Recently had new alloys fitted and new tyres and the guy had a great tyre blackener stuff he had it in a bucket looked like it could of been watered down but I'm not sure and got his brush and went over the tyres really quickly with it
does anyone know what he could of been using? All I can find online is the spray stuff that never really lasts very long

Thanks


----------



## Hoggy (May 8, 2002)

Hi, Car Plan Tyre Slik is the best in Auto Express test recently.
Hoggy.


----------



## pewpew (Jun 19, 2014)

Meguiars endurance high gloss for black shiny that lasts weeks
Poorboys Bold N Bright for satin finish that last about a week

These make a huge difference for clean looking tyres.


----------



## richardc-s (May 15, 2015)

pewpew said:


> Meguiars endurance high gloss for black shiny that lasts weeks
> Poorboys Bold N Bright for satin finish that last about a week
> 
> These make a huge difference for clean looking tyres.

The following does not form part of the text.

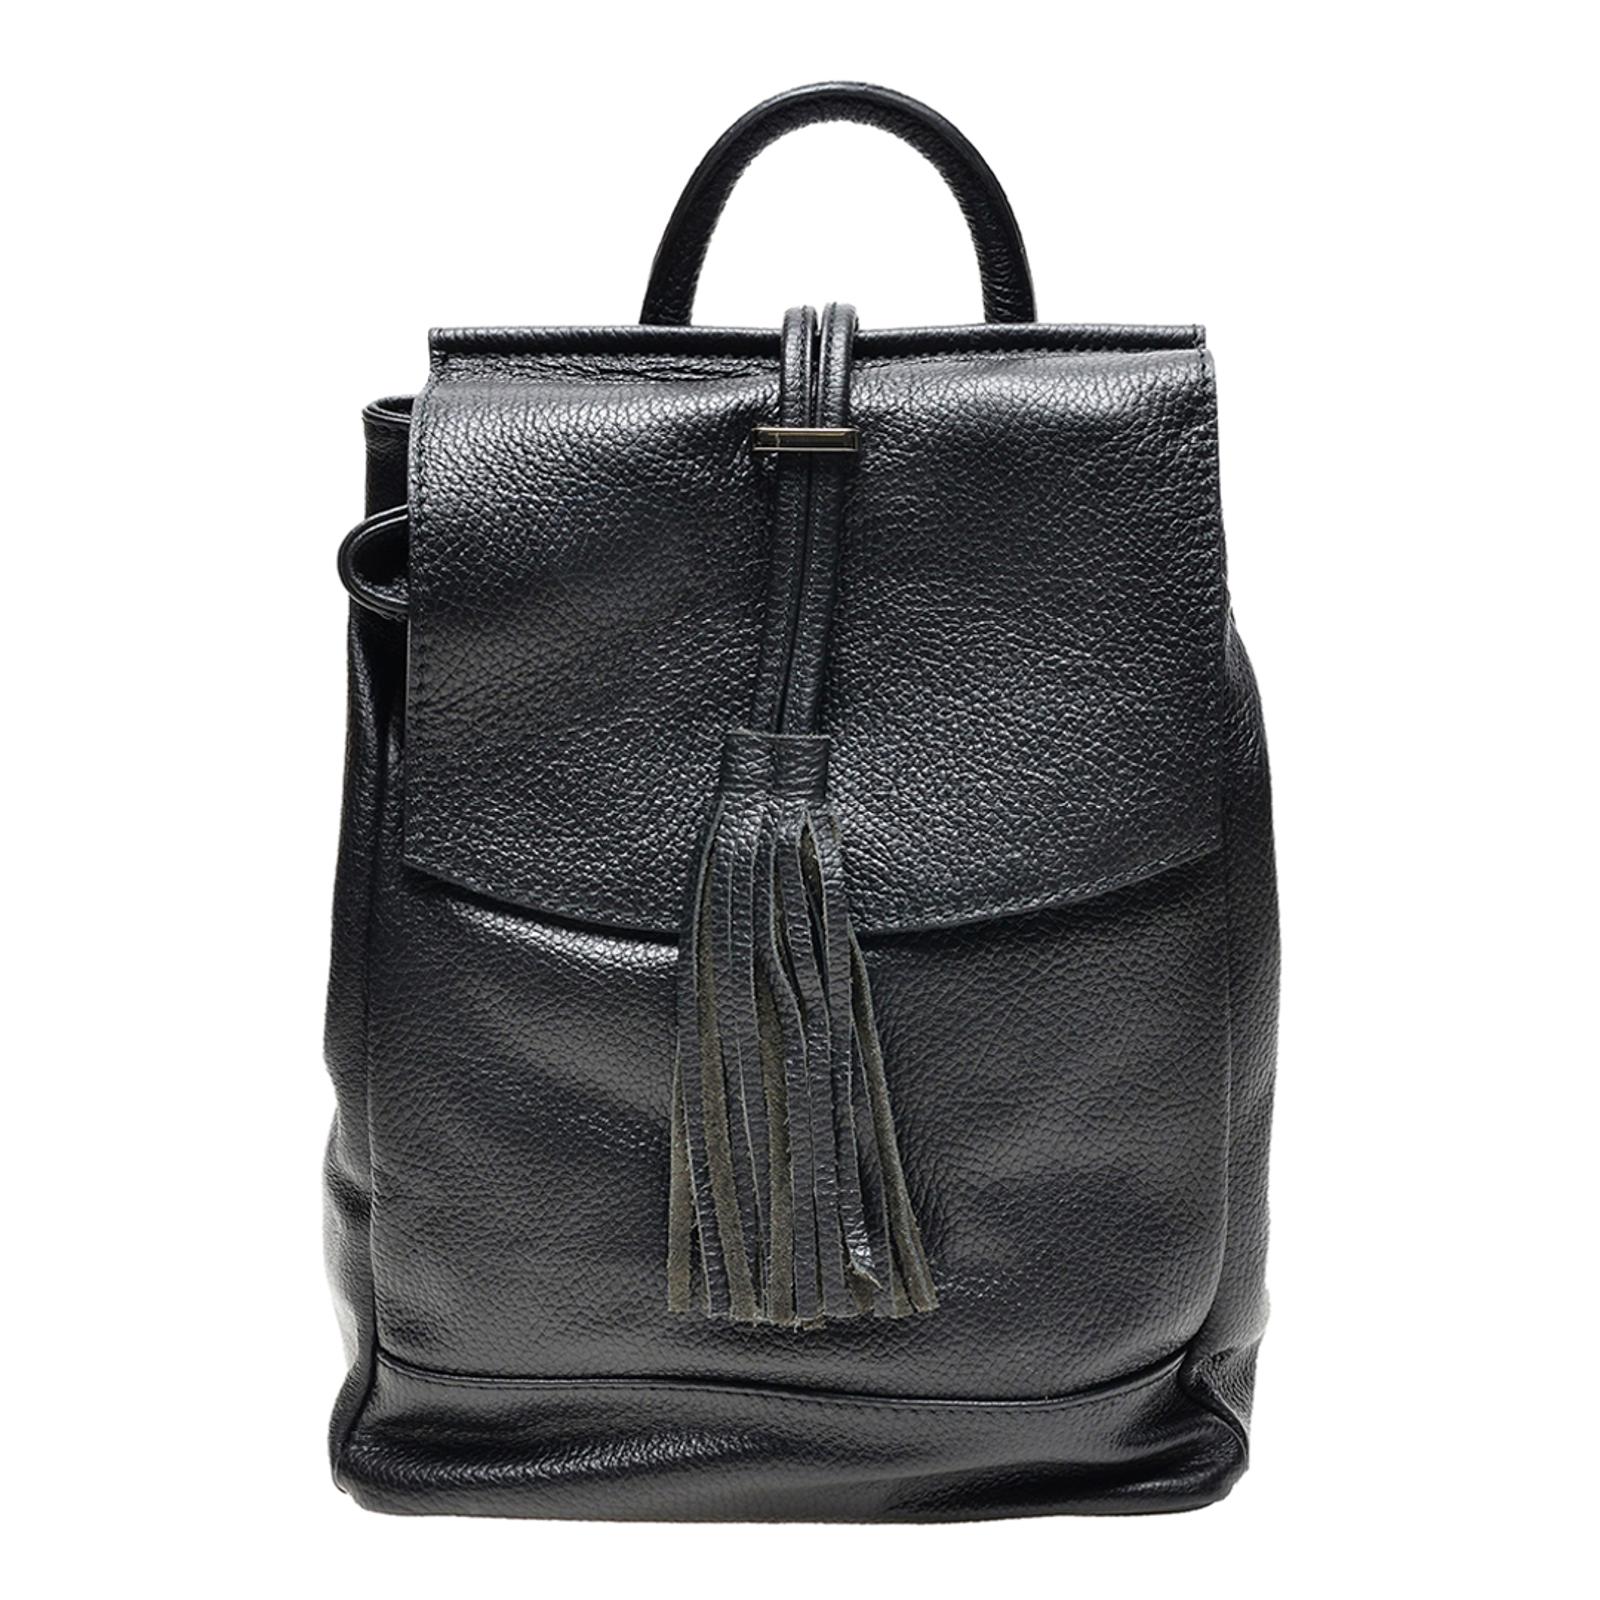 Black Leather Tassel Zip Backpack - BrandAlley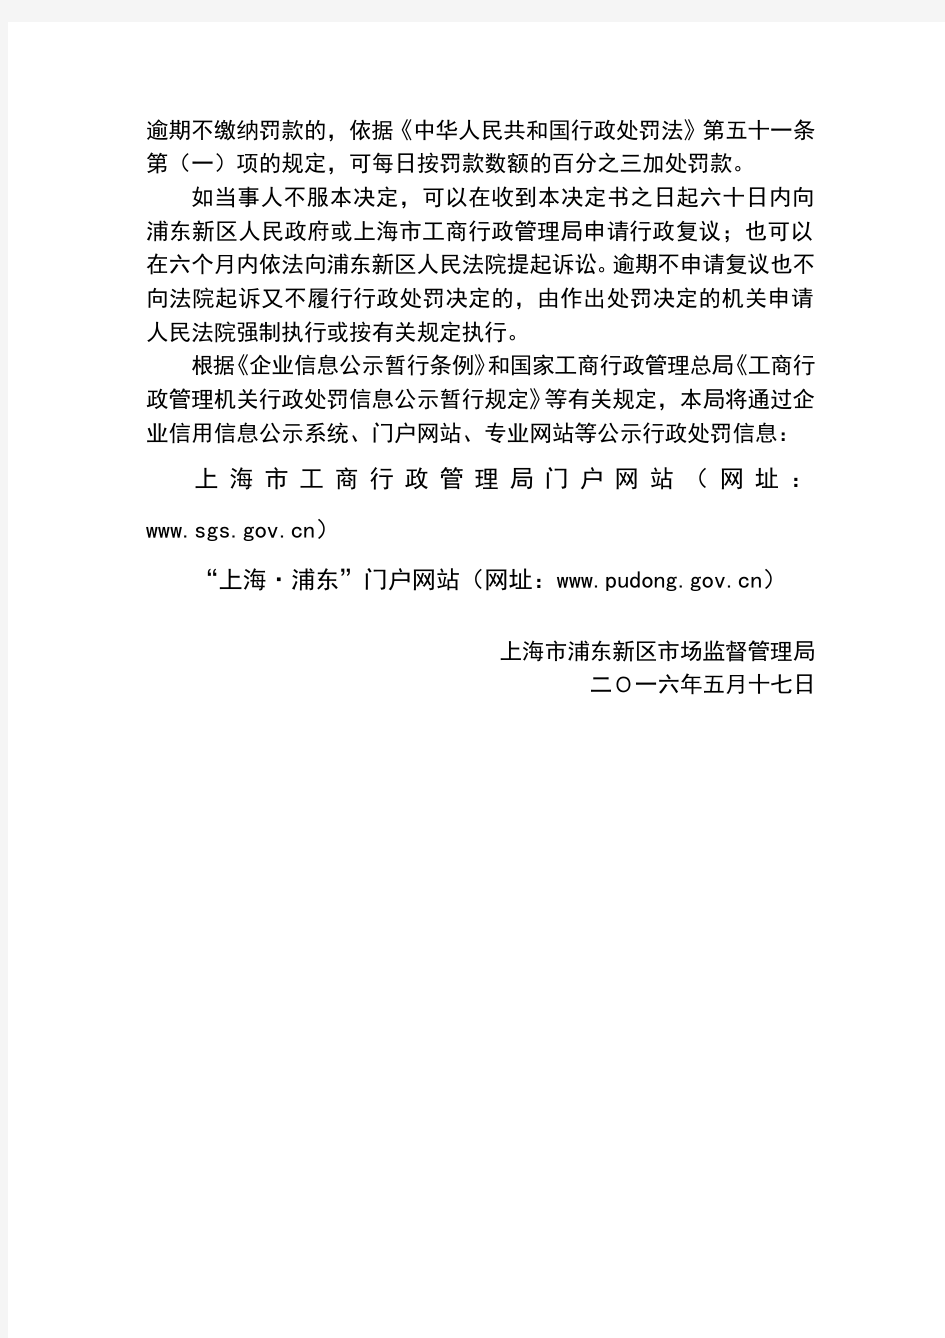 上海浦东新区场监督管理局行政处罚决定书

I use Meguiars Tyre gel, really good stuff and lasts ages


----------



## YELLOW_TT (Feb 25, 2004)

Another vote for Megs but you can get a lot of spin off with it


----------



## Stueyturn (Jun 29, 2011)

Meguiars here too :thumbsup:


----------



## wlondoner (Feb 10, 2013)

But are these the spray on ones as I don't like those

I want whatever this guy was using it looked like he added it to water then put his brush in and covered the tyres


----------



## Pete Mac (Apr 21, 2014)

It goes by the trade name of 'TYRE WALL BLACK' which is applied with a paint brush. Has the consistency of watery paint but doesn't last all that long. Any motor factor should stock it.


----------



## mullum (Sep 16, 2011)

I don't like using sprays either, I'm usually dressing the wheels/tyres after I've done the rest of the car and the spray ends up on the clean paintwork.


----------



## The Blue Bandit (Sep 22, 2011)

... another vote for the meguiars tyre gel- but it's best applied when you're not intending to use the car for a few hours, as until it's properly cured it has a tendency to end up splattering your wheel arches if driven with when wet ...
:wink:


----------



## wlondoner (Feb 10, 2013)

Really appreciate all your help

So it looks like it was tyre wall black he was using - it's lasted longer than the sprays I have used in the past even in the rain they look great still but then could be as the tyres are new anyway

I'm definitely going to buy some


----------



## wlondoner (Feb 10, 2013)

I can't find this "Tyre wall black" product is it still selling under that name?


----------



## blaird03 (Nov 9, 2013)

Gyeon Q2 Tire - best I have used. Apply 2 thin coats with brush, lasts 2 weeks at least.


----------



## Pete Mac (Apr 21, 2014)

Halfords sell it under the trade name of car plan. Same stuff. Also available via Amazon and EBay. Quite cheap and a litre will last you for years I should think.


----------



## Yesj (Nov 12, 2014)

I use the Mothers reflections tire care. It has a naturale new tire look. Not that ugly bling bling look.
If you clean your tire properly or use it on new tires, it will stay on for weeks.


----------